I just had a terrific trip to the Kitchener Blues Festival in Ontario, a free festival with multiple stages, good production, and a bunch of really dedicated and friendly folks organizing it. This year they featured a number of Alligator artists, including JJ Grey & Mofro, The Holmes Brothers, Rick Estrin & The Nightcats, Eddy “The Chief” Clearwater, and Lil’ Ed & The Blues Imperials. JJ debuted songs from his brand new Alligator release, Georgia Warhorse, which hit #74 on the Billboard Top 200 chart the week of its debut (pretty great–we haven’t had a Top 200 album for 20 years.) My wife Jo accompanied me to Kitchener to celebrate our 15th wedding anniversary, and we danced to The Holmes Brothers performing Pledging My Love. Plus, the Festival was kind enough to honor me with their Mel Brown Award. Mel was a great guitarist and organist, a real “musician’s musician,” who spent the last part of his life in Kitchener. His distinguished career included playing rhythm guitar on Albert Collins’ Cold Snap album, which I’ll tell you more about below. The Festival also organized a week-long “blues camp” for aspiring young musicians, culminating with an afternoon-long performance at the Festival. It clearly inspired a lot of kids to delve more deeply into the blues. One more thing—the Kitchener Blues Festival receives over $100,000 in Canadian government funding! Maybe we have something to learn from the Canadians?
It seems like the second half of 2010 has turned into an Alligator harp fest. Besides our brand new Charlie Musselwhite CD, The Well, we’ve re-signed another of the all-time great harp men, James Cotton, and just released his new self-produced record, Giant. James cut three great albums for us in the 1980s and ‘90s, High Compression, Live From Chicago—Mr. Superharp Himself!! and finally Harp Attack!!, the supersession with his pals Junior Wells, Carey Bell and Billy Branch.
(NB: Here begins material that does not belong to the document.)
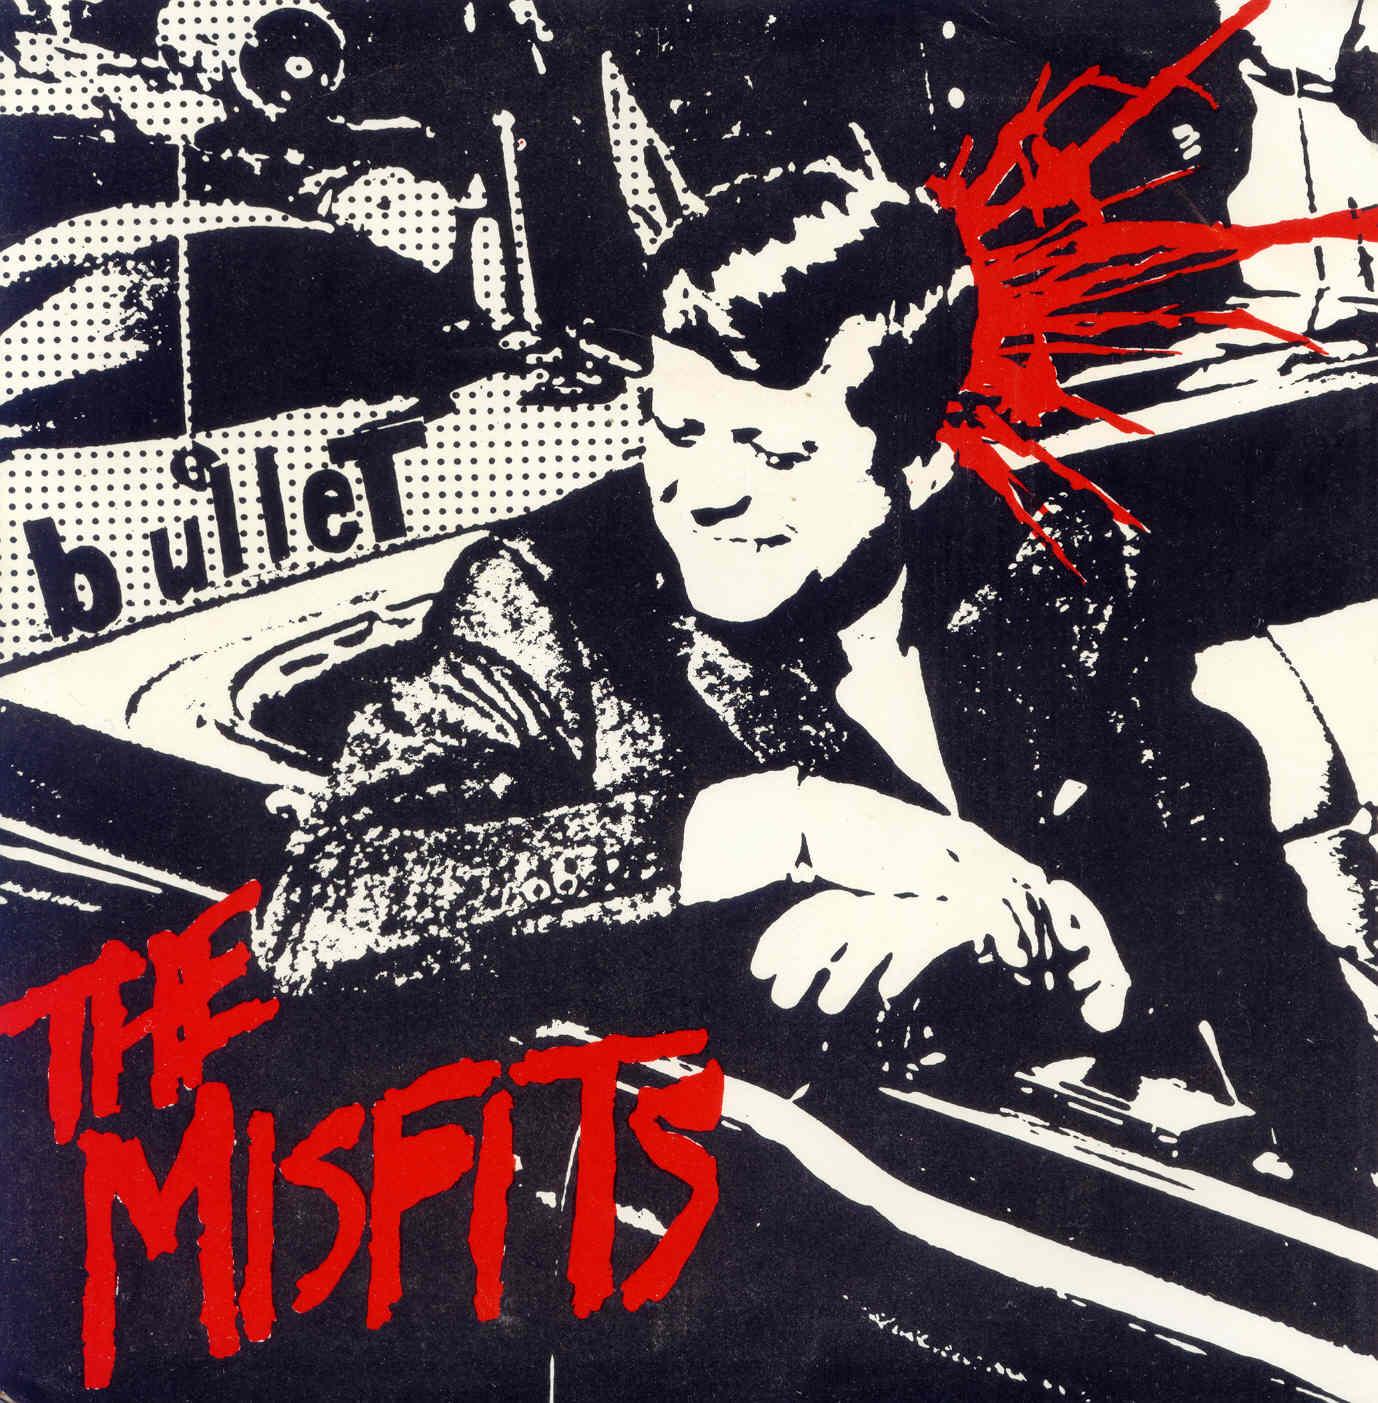 Misfits / Danzig Reunion - image 7 - student project

In June, James tore things up at the Chicago Blues Festival, and his playing on Giant is just as strong, with his signature huge tone and amazing power that totally belies his age. With Rick Estrin, Charlie and James, Alligator can now boast of having three of the world’s finest harp players.
I’ve been telling you about the recording of Cold Snap, Albert Collins’ 1986 album. After the sessions with Jimmy McGriff’s great organ playing, we still needed to cut a few more tunes to complete the project. Albert had recorded everything he’d written and chosen for the album, so he encouraged me to suggest some tunes. Years before, I’d heard a San Francisco bluesman named Johnny Nitro perform an hilarious song called Too Many Dirty Dishes, and had managed to get a tape of the tune from him. I knew from the moment I heard it that it was perfect for Albert’s wry, humorous storytelling. I also suggested an obscure Lowell Fulson song called Bending Like A Willow Tree. Finally, I had been pushing a song on Albert for a couple of albums that he wasn’t really sure of for himself, but I believed in. It was an old, obscure Jimmy Liggins tune that I first heard performed on an Ike Turner album by one Ike’s many vocalists, Lonnie The Cat. This time, Albert agreed to give it a try, though he still wasn’t sure he could make it his own. As you probably guessed, the song was I Ain’t Drunk, which became one of his most-requested tunes. Albert flew into Chicago from Los Angeles on the overnight redeye flight, and, after he caught a couple hours of sleep, we headed for a little rehearsal studio, determined to work up the arrangements on these three songs and take them directly to the studio to record that same night. Drummer Morris Jennings, bassman extraordinaire Johnny B. Gayden and our old pal keyboardist Allen Batts, along with Mel Brown, who flew in again from Austin, comprised the band. Albert, who had never performed any of these songs before, jumped into them with both feet. He had enjoyed creating guitar sound effects for the tune Snowed In on the Frostbite album, and Too Many Dirty Dishes gave him the opportunity to invent a slew of new ones. If you listen, only one of these sounds is very slightly studio-enhanced; all the rest came straight out of Albert’s fingers and Telecaster, all invented that afternoon! For Willow Tree, Mel and Johnny created a funky, reggae-ish groove that took the song in a whole different direction from Lowell’s original and really fired up Albert.